A consciousness of last night's wishes and dreams made Alfred blush as he said, "It occurred to me that your eldest daughter might be betrothed to Mr. Fitzgerald."
"I hope not," quickly rejoined Mr. Royal. "He is not the sort of man with whom I would like to intrust her happiness. I think, if it were so, Rosabella would have told me, for my children always confide in me."
"I took it for granted that you liked him," replied Alfred; "for you said an introduction to your home was a favor you rarely bestowed."

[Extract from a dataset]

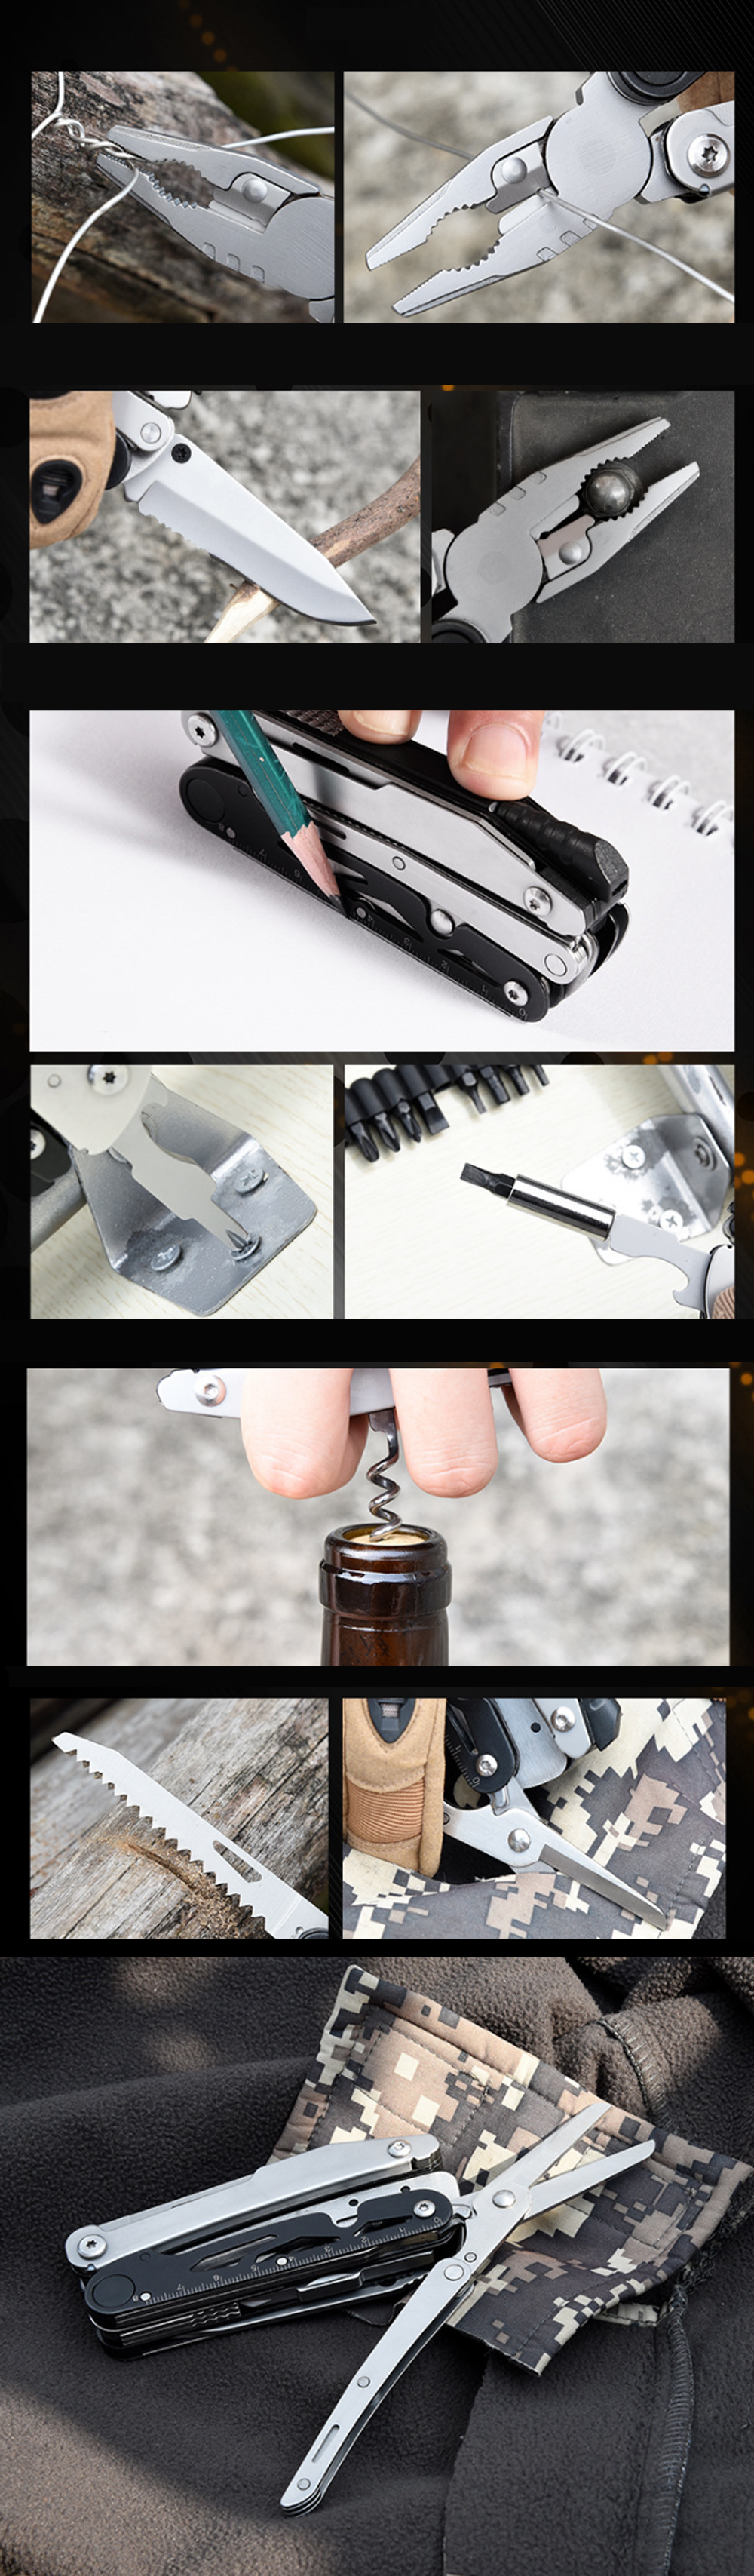 SEEKNITE-10-in-1-Multi-function-Folding-Pliers-Bottle-Opener-Scissors-Screwdriver-Saw-Combination-Kn-1752432-3

"I never conferred it on any young man but yourself," answered Mr. Royal, "and you owed it partly to my memory of your honest father, and partly to the expression of your face, which so much resembles his." The young man smiled and bowed, and his friend continued: "When I invited you, I was not aware Mr. Fitzgerald was in the city. I am but slightly acquainted with him, but I conjecture him to be what is called a high-blood. His manners, though elegant, seem to me flippant and audacious. He introduced himself into my domestic sanctum; and, as I partook of his father's hospitality years ago, I find it difficult to eject him. He came here a few months since, to transact some business connected with the settlement of his father's estate, and, unfortunately, he heard Rosabella singing as he rode past my house. He made inquiries concerning the occupants; and, from what I have heard, I conjecture that he has learned more of my private history than I wished to have him know. He called without asking my permission, and told my girls that his father was my friend, and that he had consequently taken the liberty to call with some new music, which he was very desirous of hearing them sing. When I was informed of this, on my return home, I was exceedingly annoyed; and I have ever since been thinking of closing business as soon as possible, and taking my daughters to France. He called twice again during his stay in the city, but my daughters made it a point to see him only when I was at home. Now he has come again, to increase the difficulties of my position by his unwelcome assiduities."
"Unwelcome to you" rejoined Alfred; "but, handsome and fascinating as he is, they are not likely to be unwelcome to your daughters. Your purpose of conveying them to France is a wise one."